▸ Exercise objective: Drop every picture, then print the rest of the listing exactly as given.

▸ Material provided:
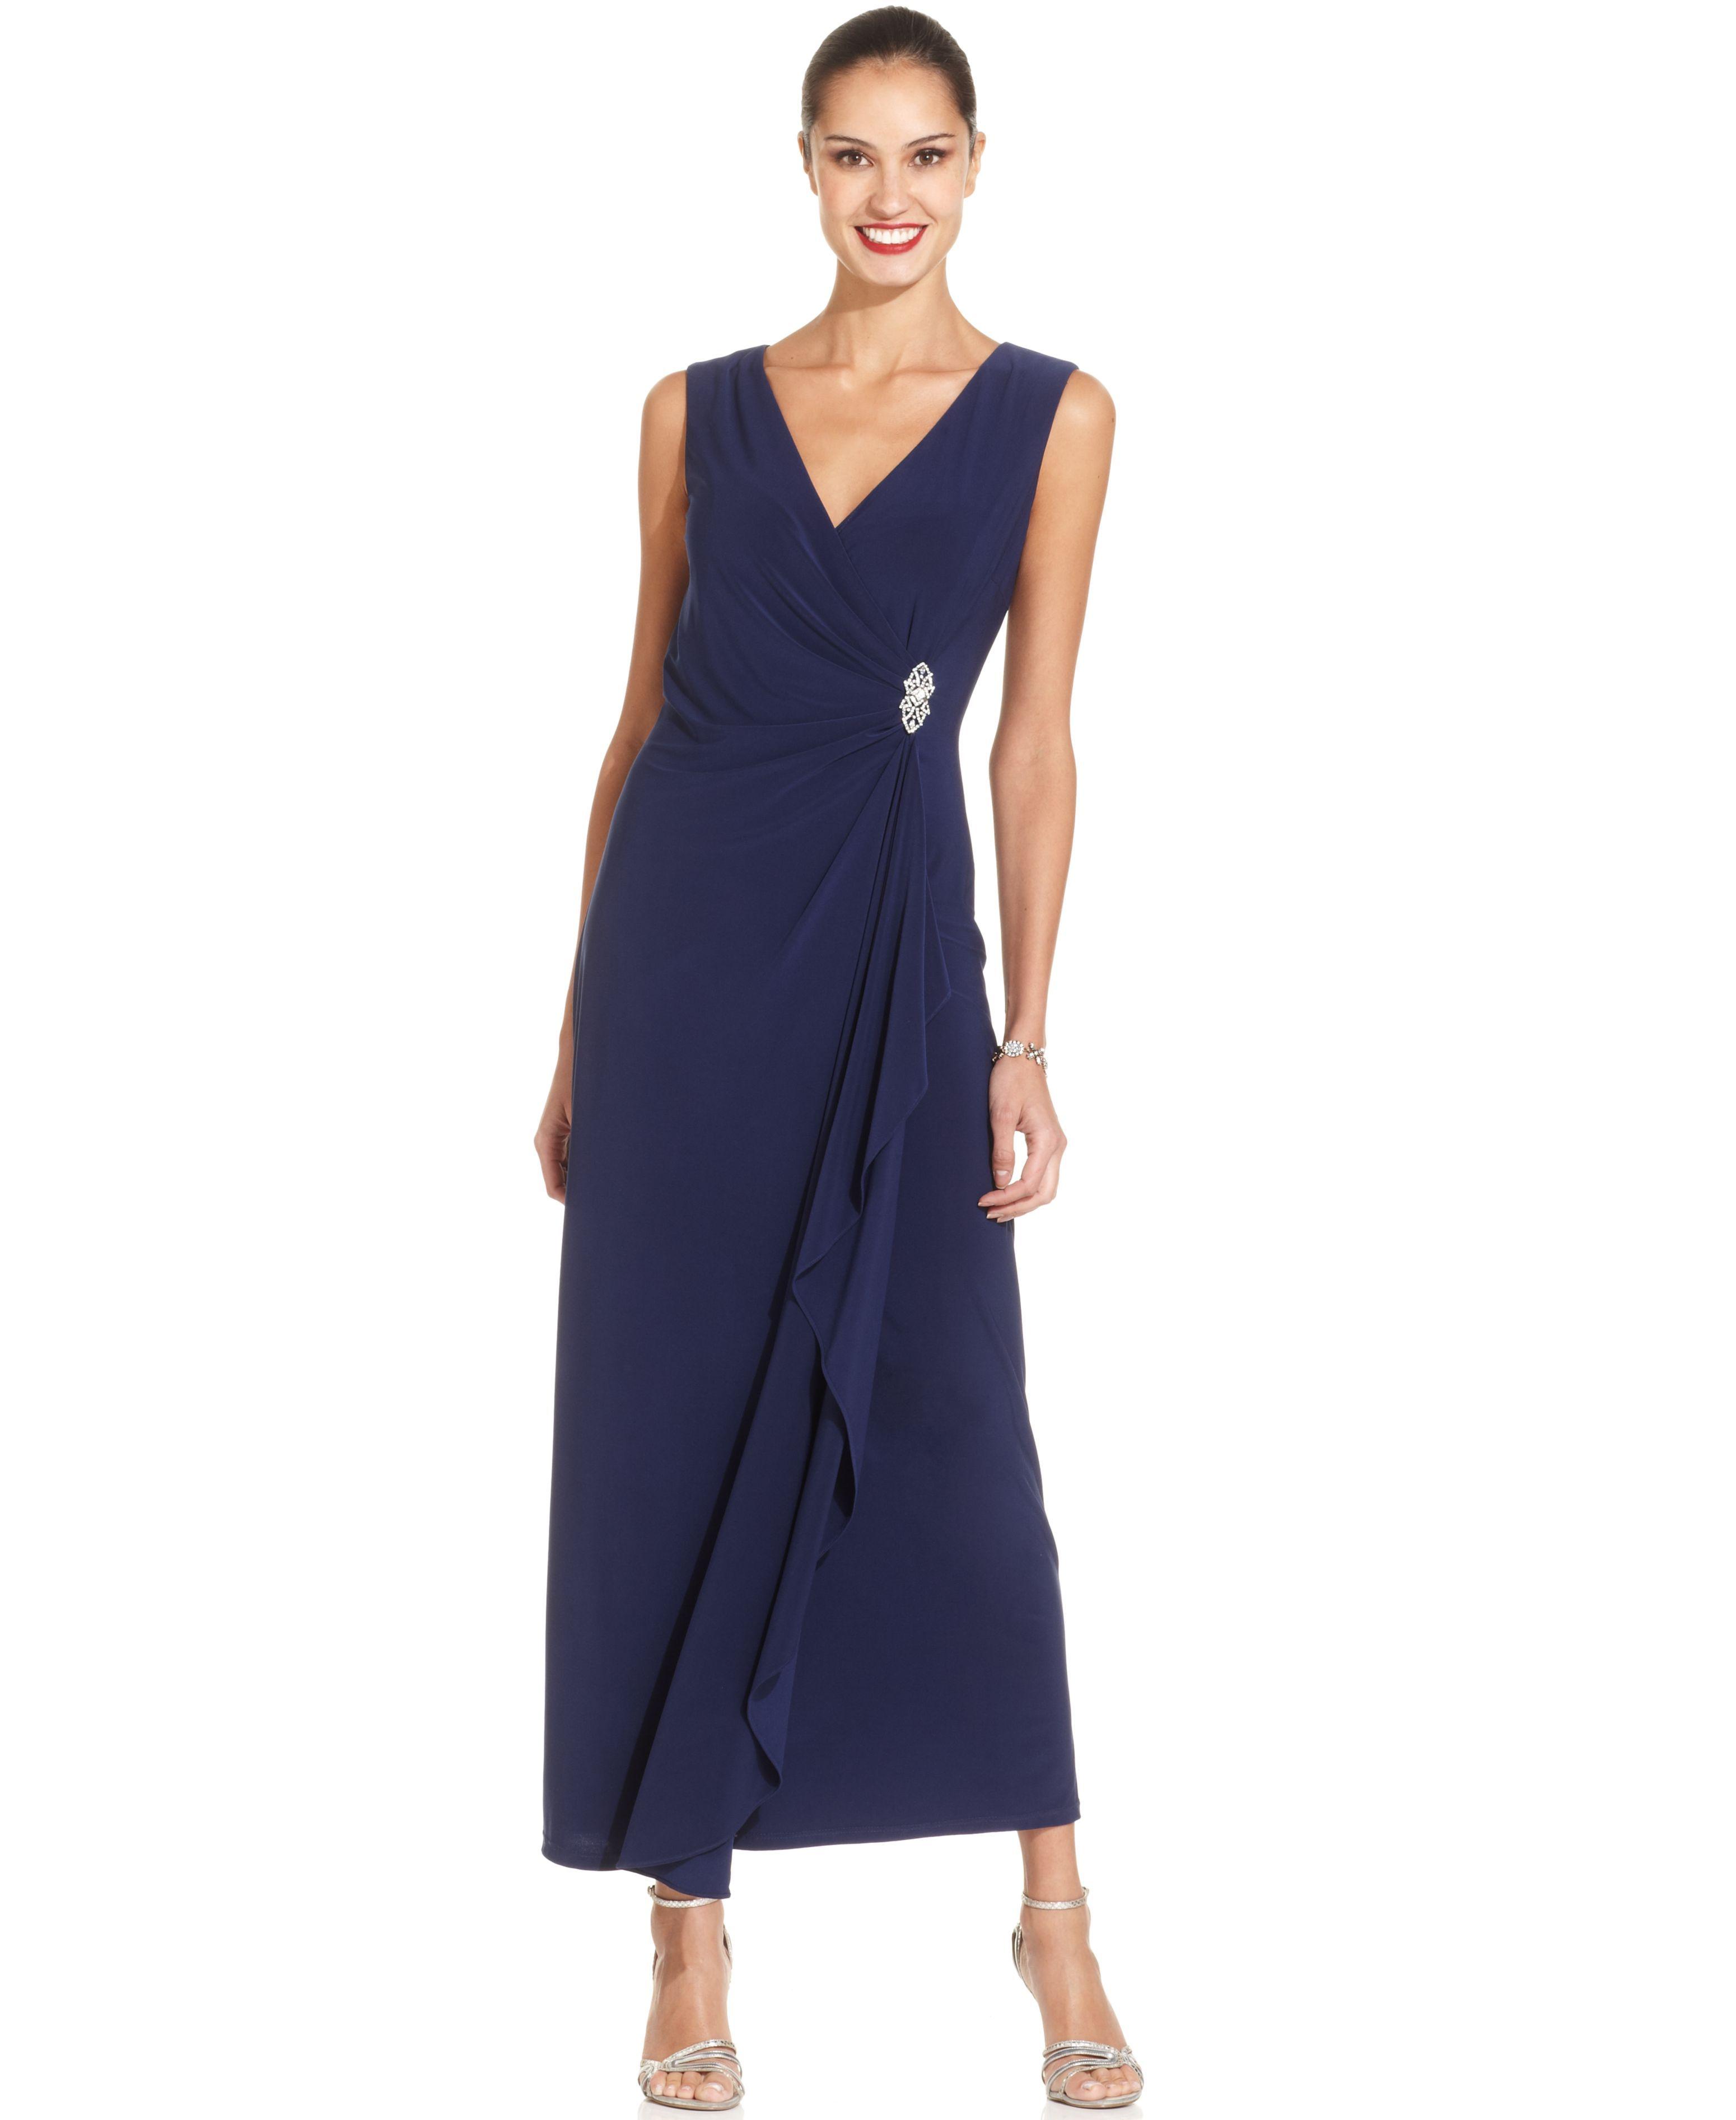 MACYS ---- dress ---- Lilian Queiroz ---- 6_fpx ----  Macy
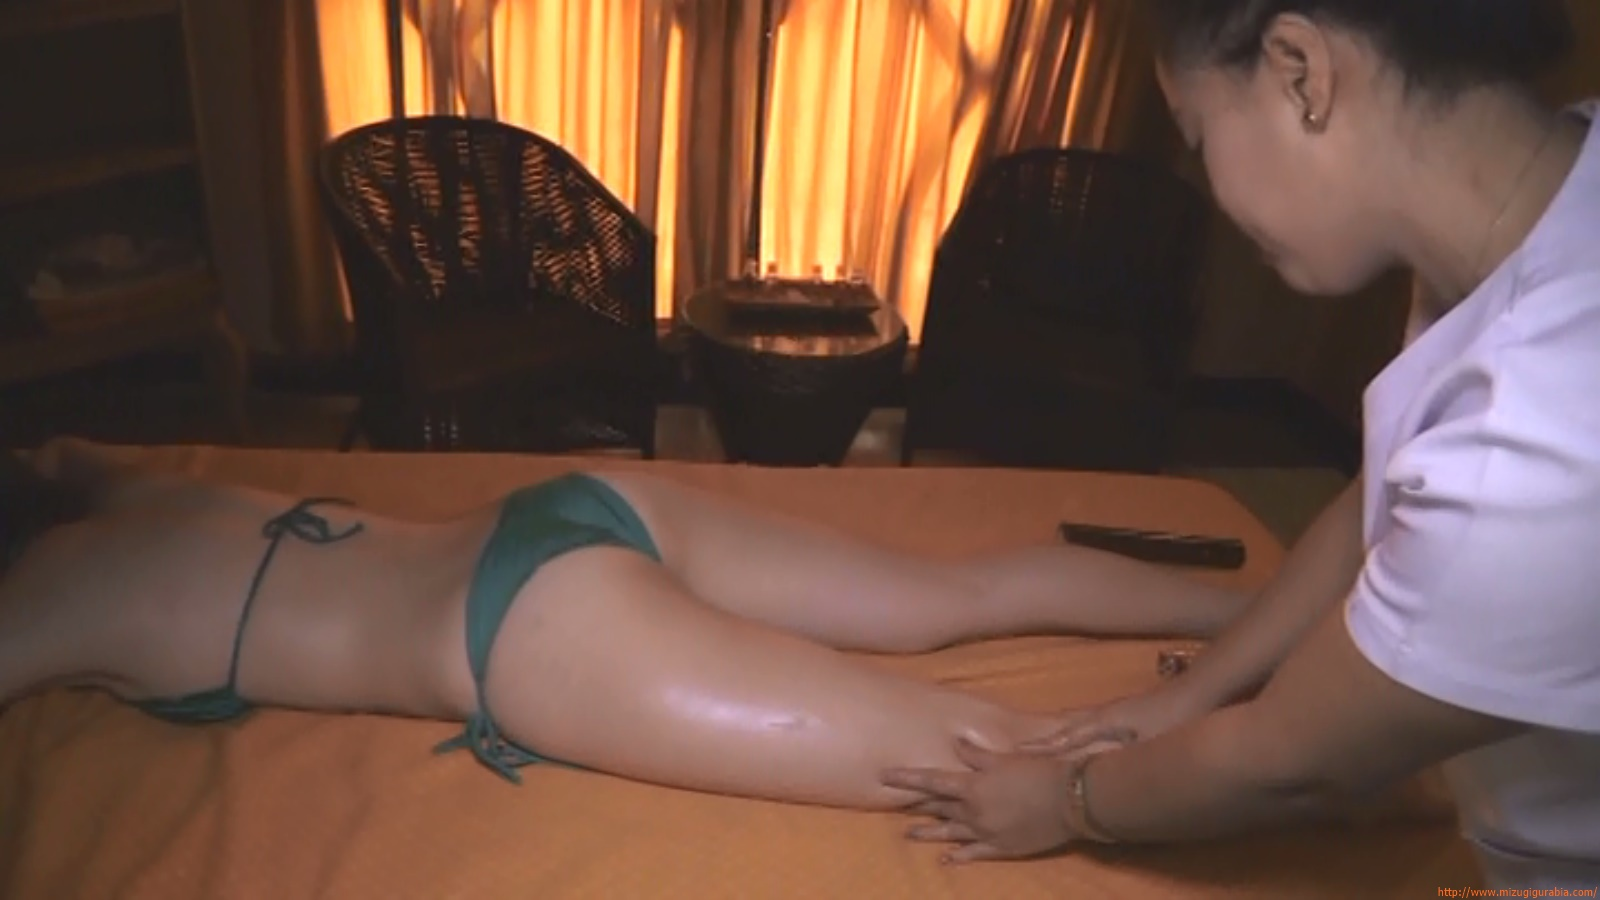 Healing massage146
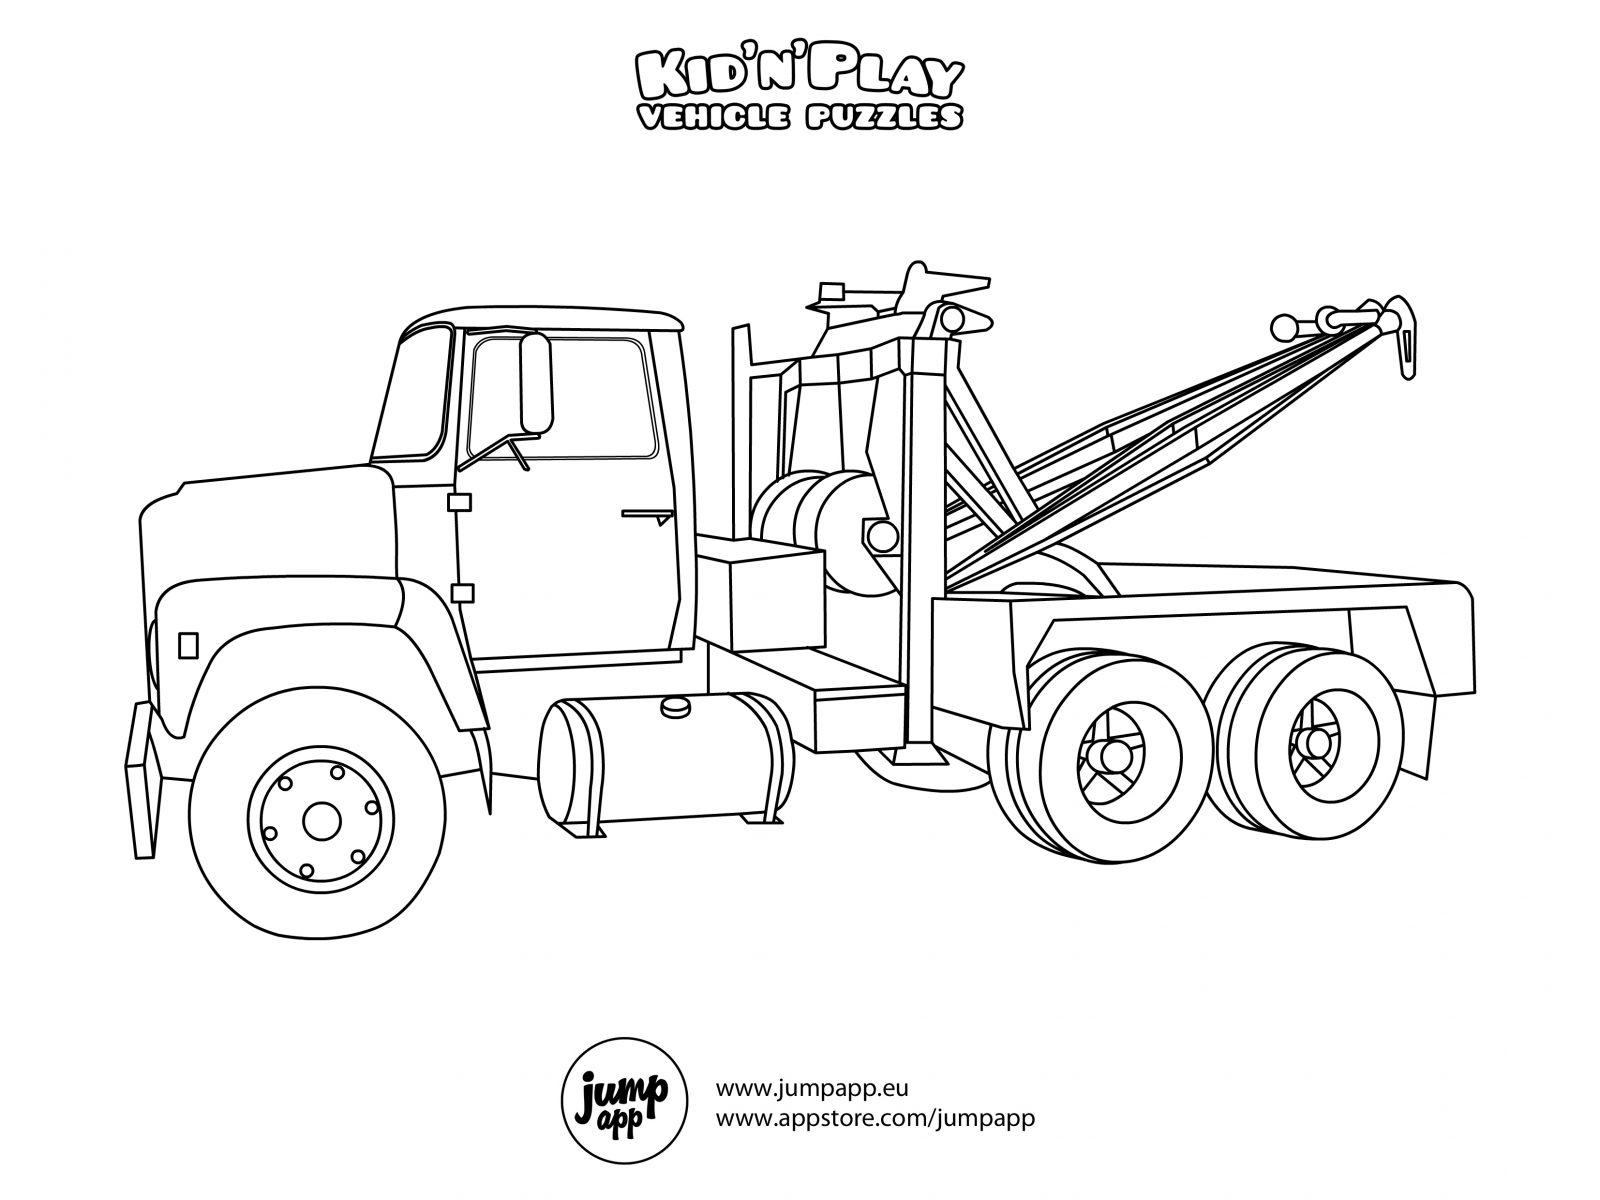 Plow Truck Drawing At Getdrawings

▸ Answer to this problem:
 MACYS ---- dress ---- Lilian Queiroz ---- 6_fpx ----  Macy
 Healing massage146
 Plow Truck Drawing At Getdrawings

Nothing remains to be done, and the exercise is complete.